Steve Kaplan, Comedian Extraordinaire

Steve Kaplan is one of Hollywood’s most respected experts on comedy, and he recently had a conversation with Chris Soth on “Hollywood By Phone.” Steve Kaplan has a rich history in entertainment, and has worked with major studios, taught at universities, and consulted with a long list of successful comedians, writers, actors, and producers. (See his bio at: www.kaplancomedy.com/bio.html). He hosts a two-day intensive workshop on comedy where his knowledge and experience have been boiled down to their essence. During the conversation, he gave an in-depth overview of that workshop.

What’s funny is whatever makes you laugh and, thanks to human nature, that can be pretty much anything. But comedy was best described by John Cleese as watching a person watch someone else being silly. It is often referred to as the straight-man and the funny-man routine, and Steve has a number of tools that he teaches to make that situation get to the funny bits.

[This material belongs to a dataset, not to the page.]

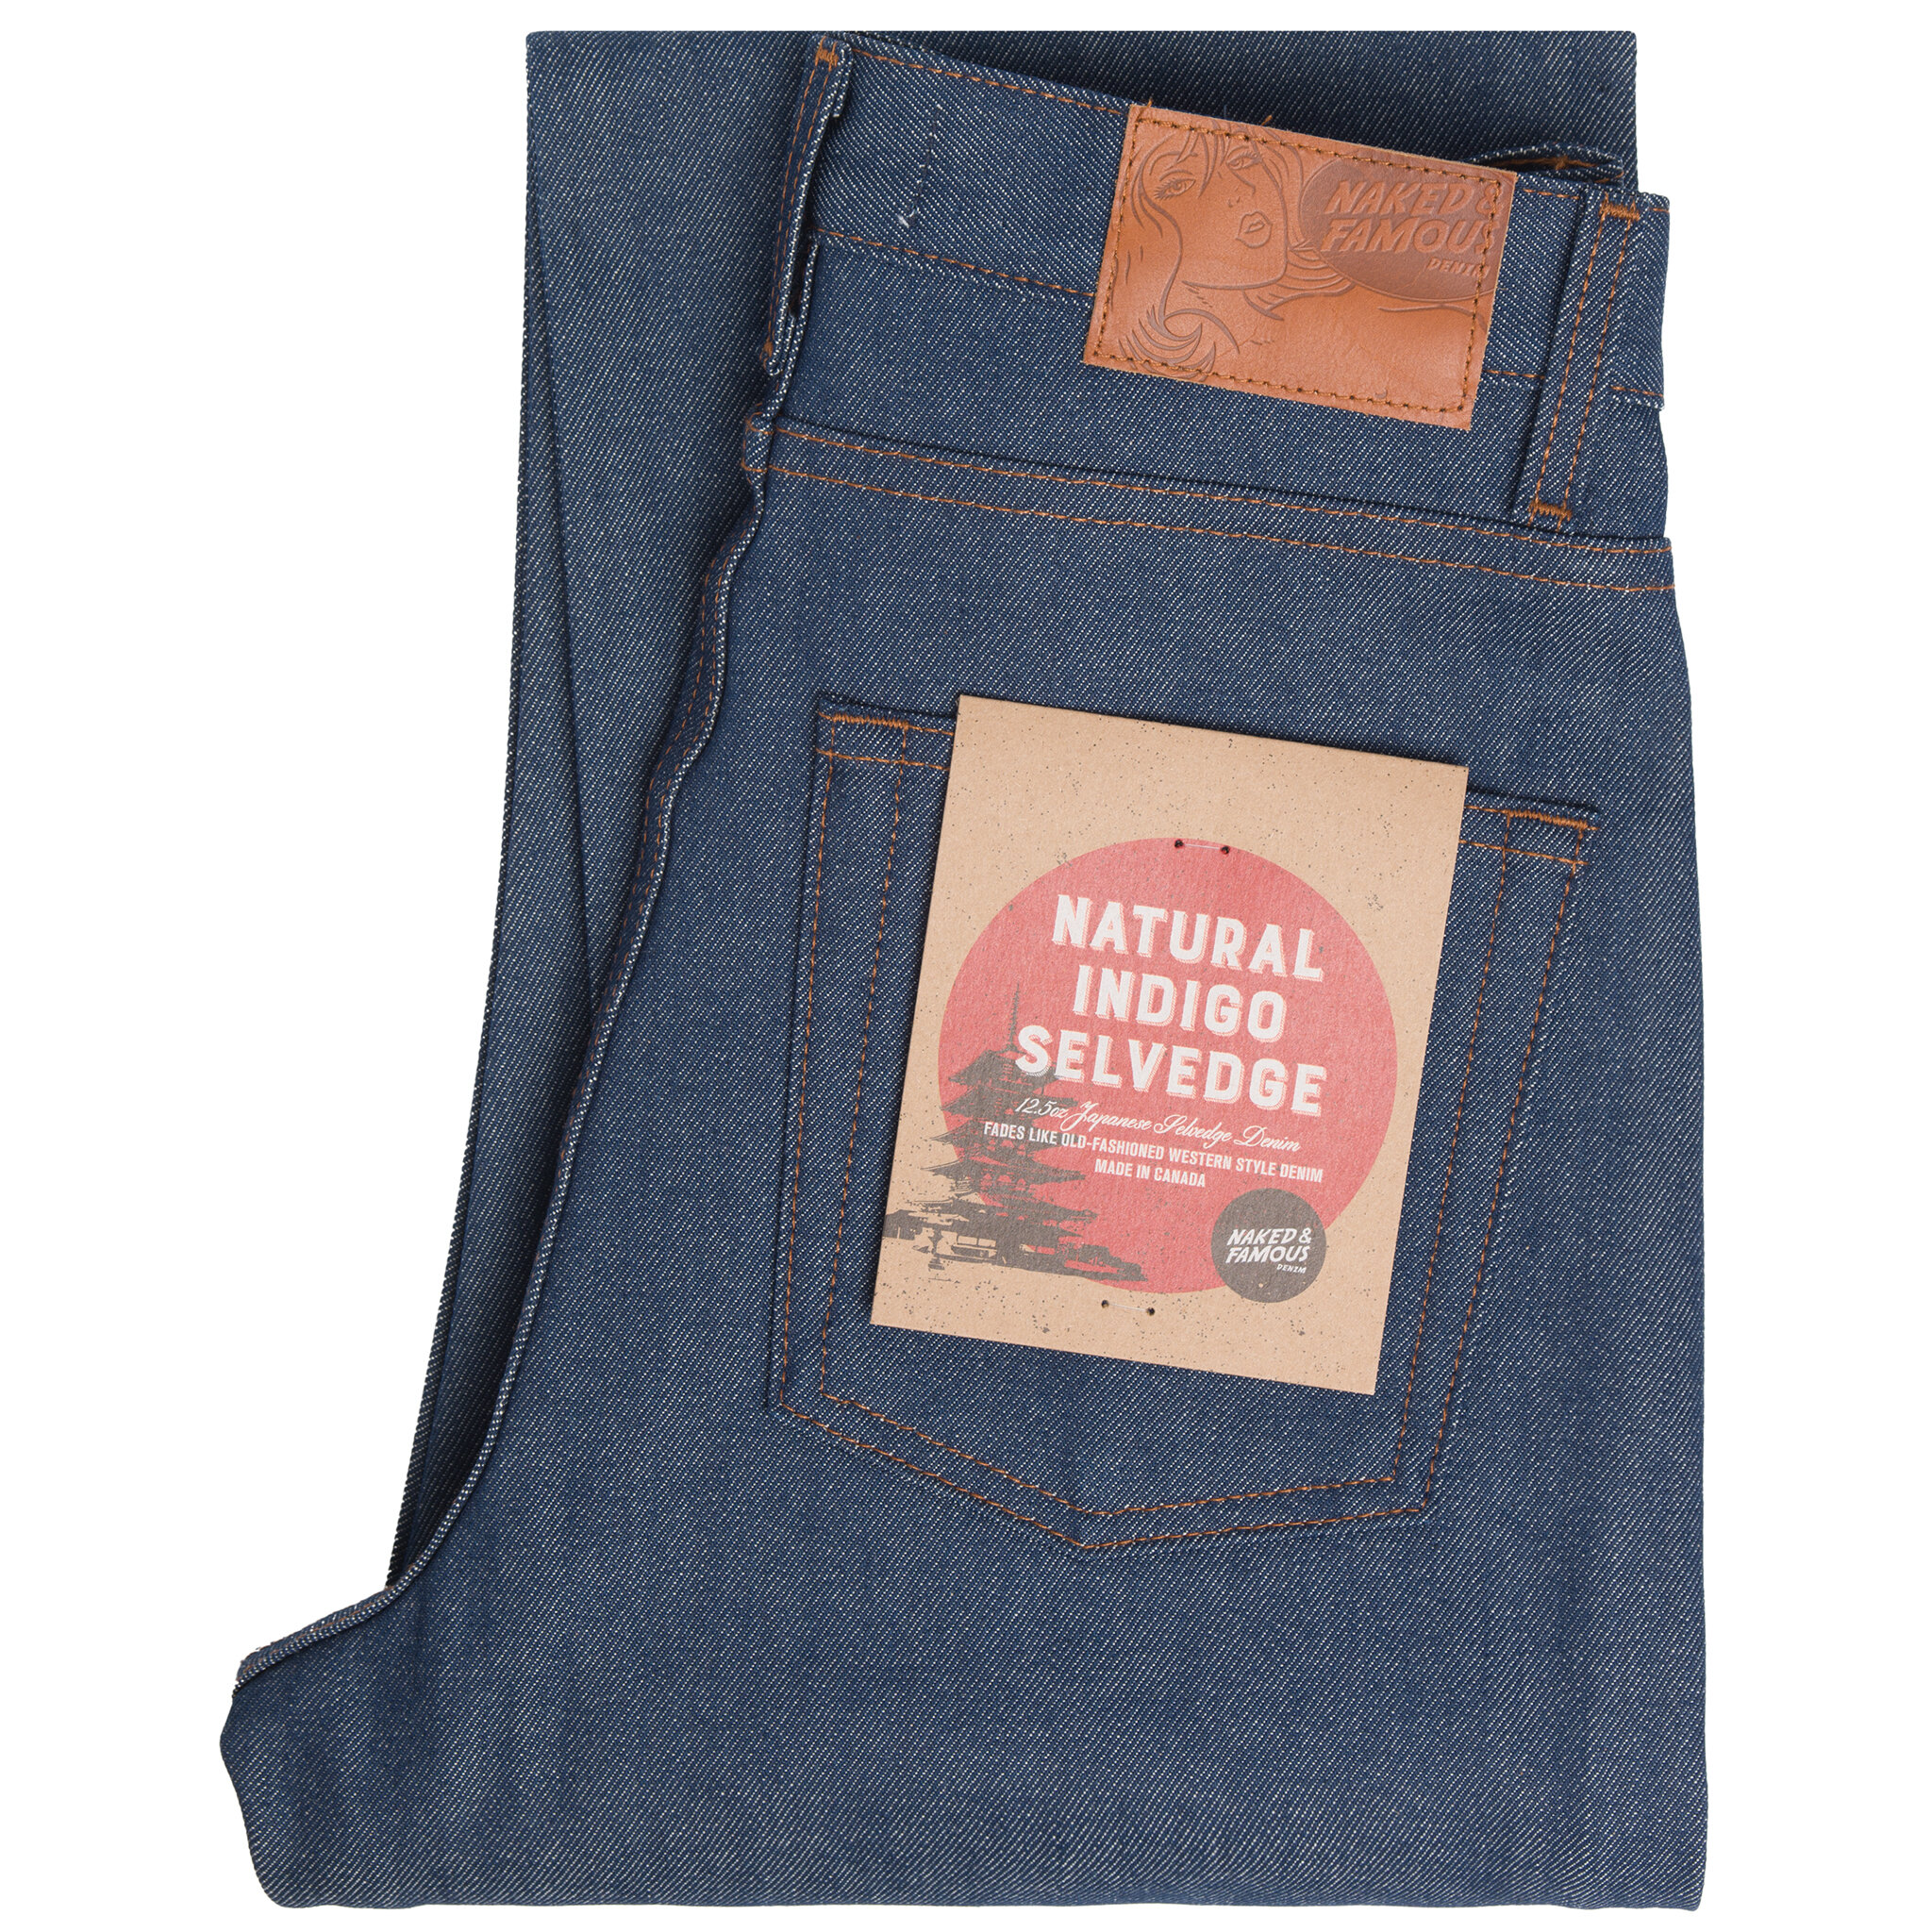  Women's Natural Indigo Selvedge jeans - folded 
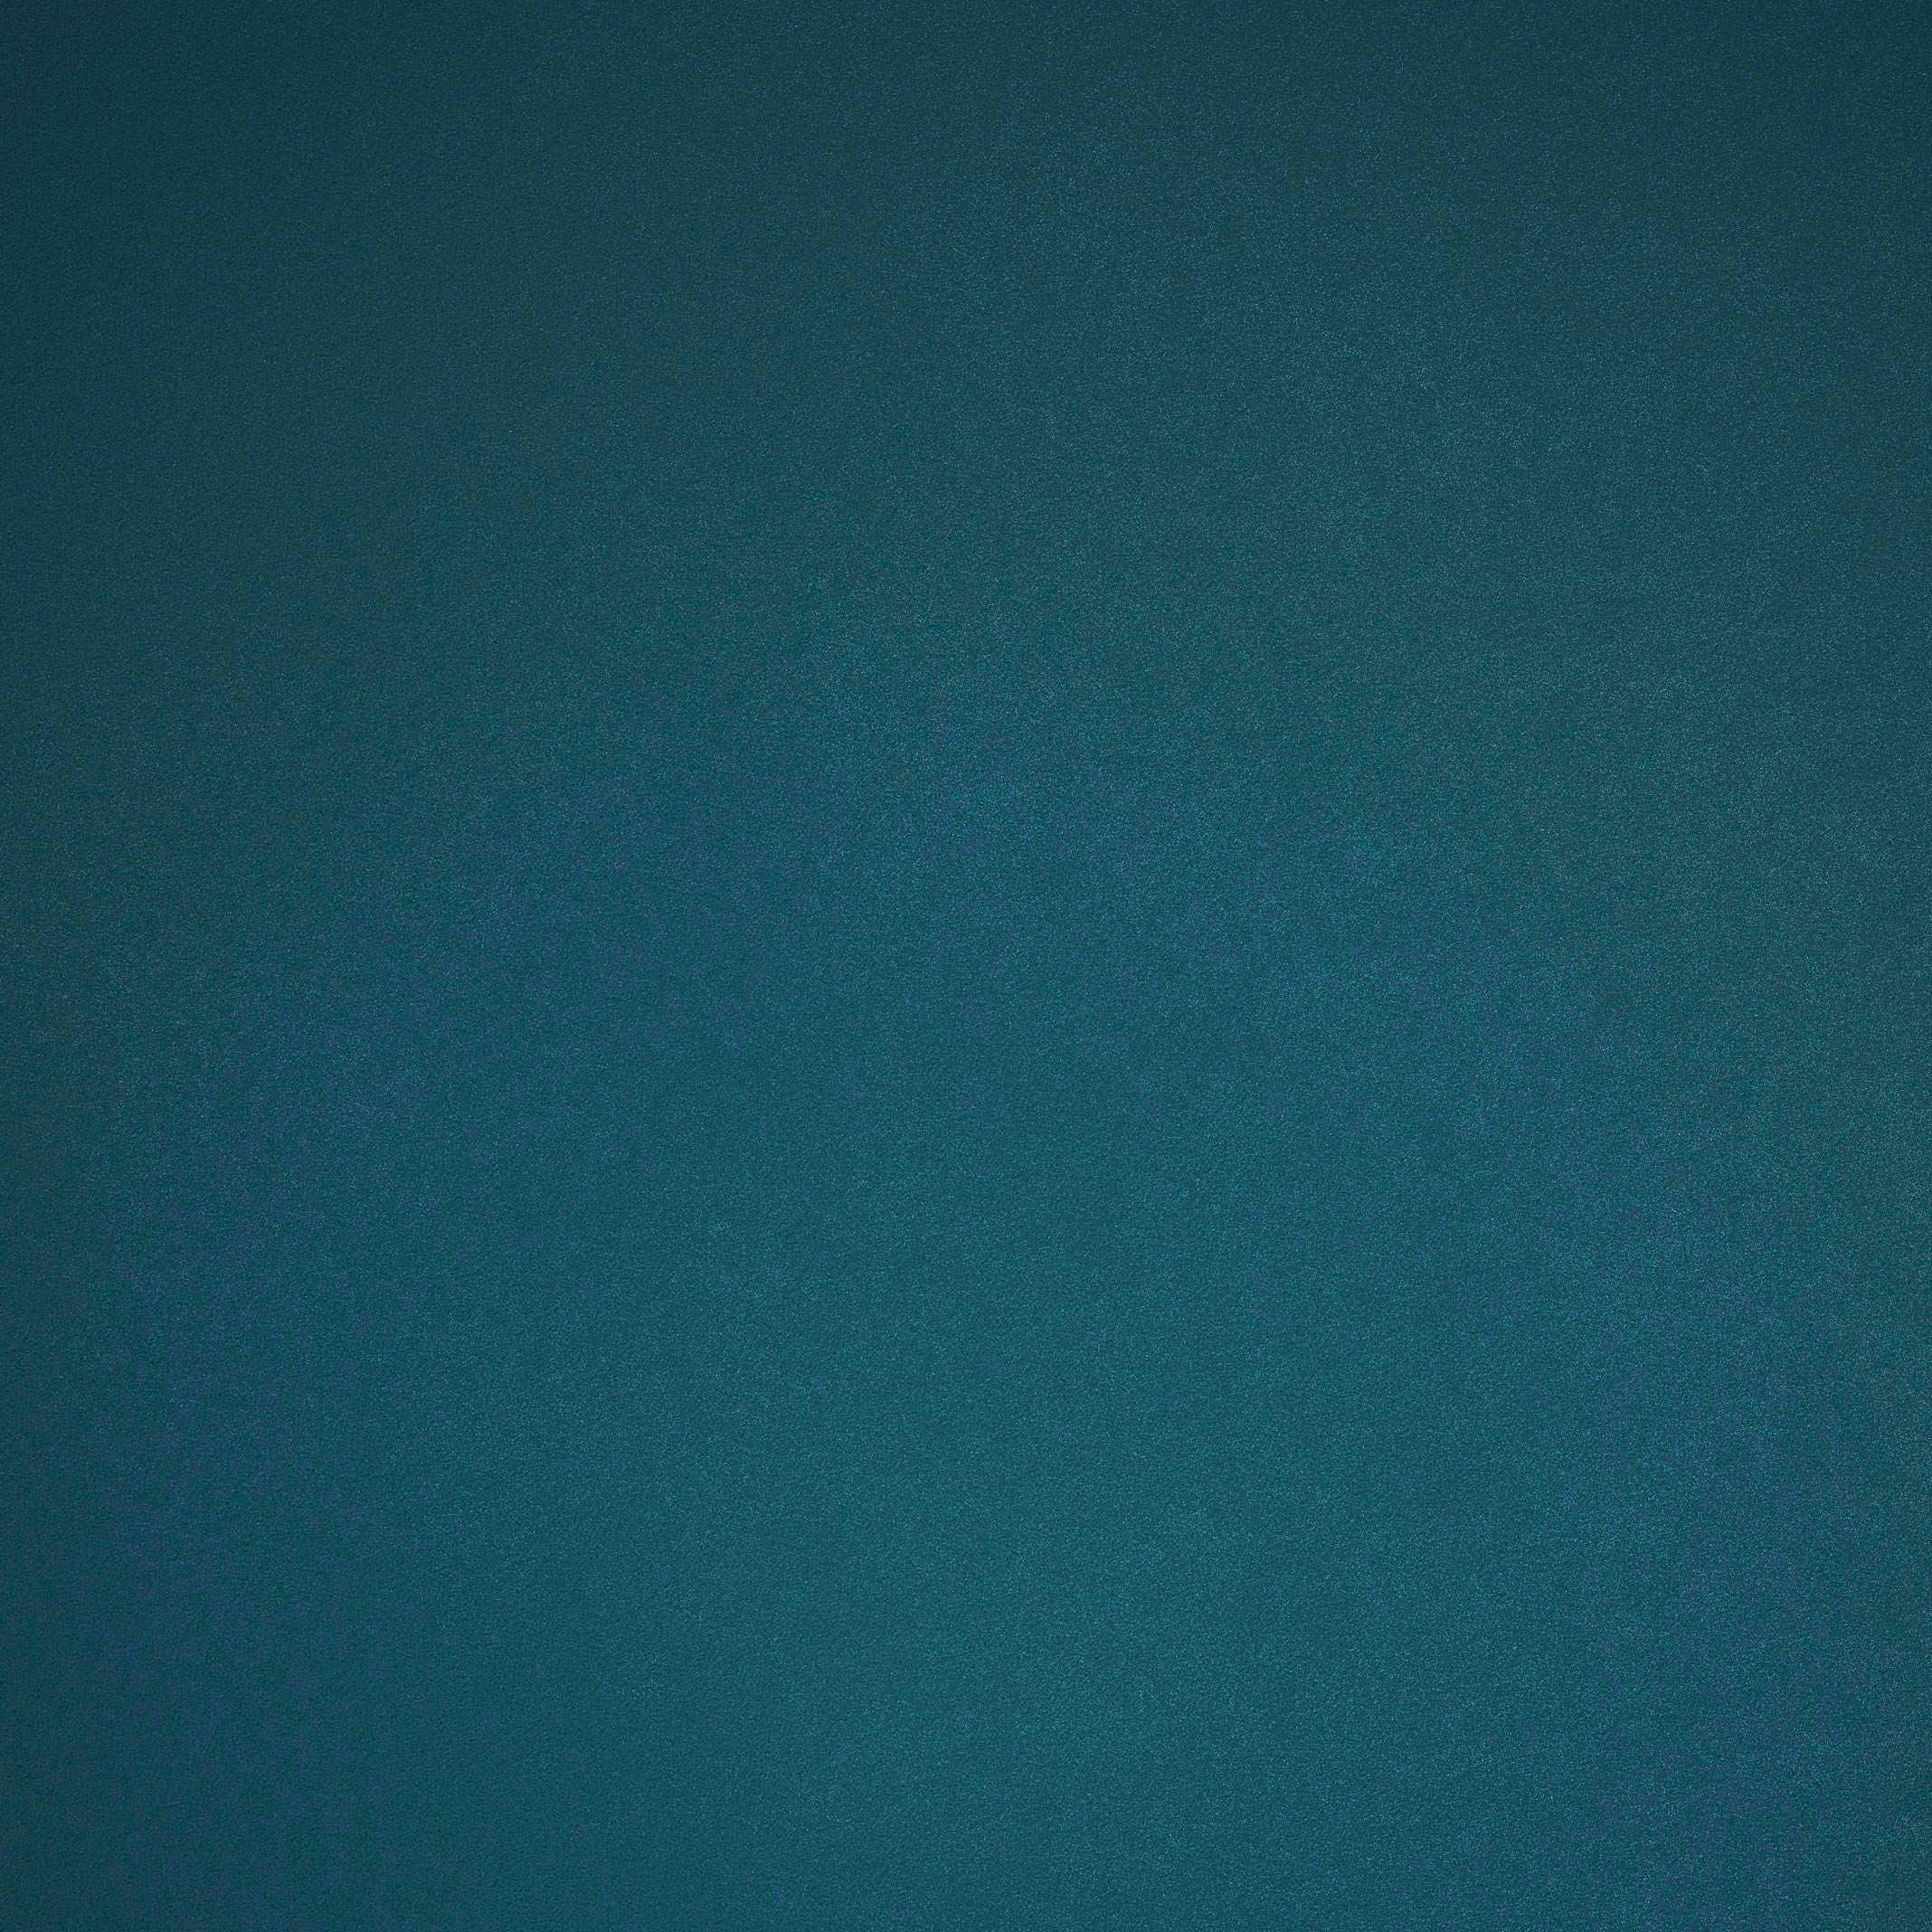 dark-blue-texture-wallpaper Â· Green

Comedians are people who see the world without criticism or condemnation. The world can be a very silly place, and being human can be very messy. We trip while we walk, we drop things we mean to carry, and we spill sticky things on ourselves when it is least convenient. We have hair that grows where it wants to grow in spite of our aspirations of beauty. Comedy helps us live with who we are, and being a comedian means to confess to being human in front of an audience.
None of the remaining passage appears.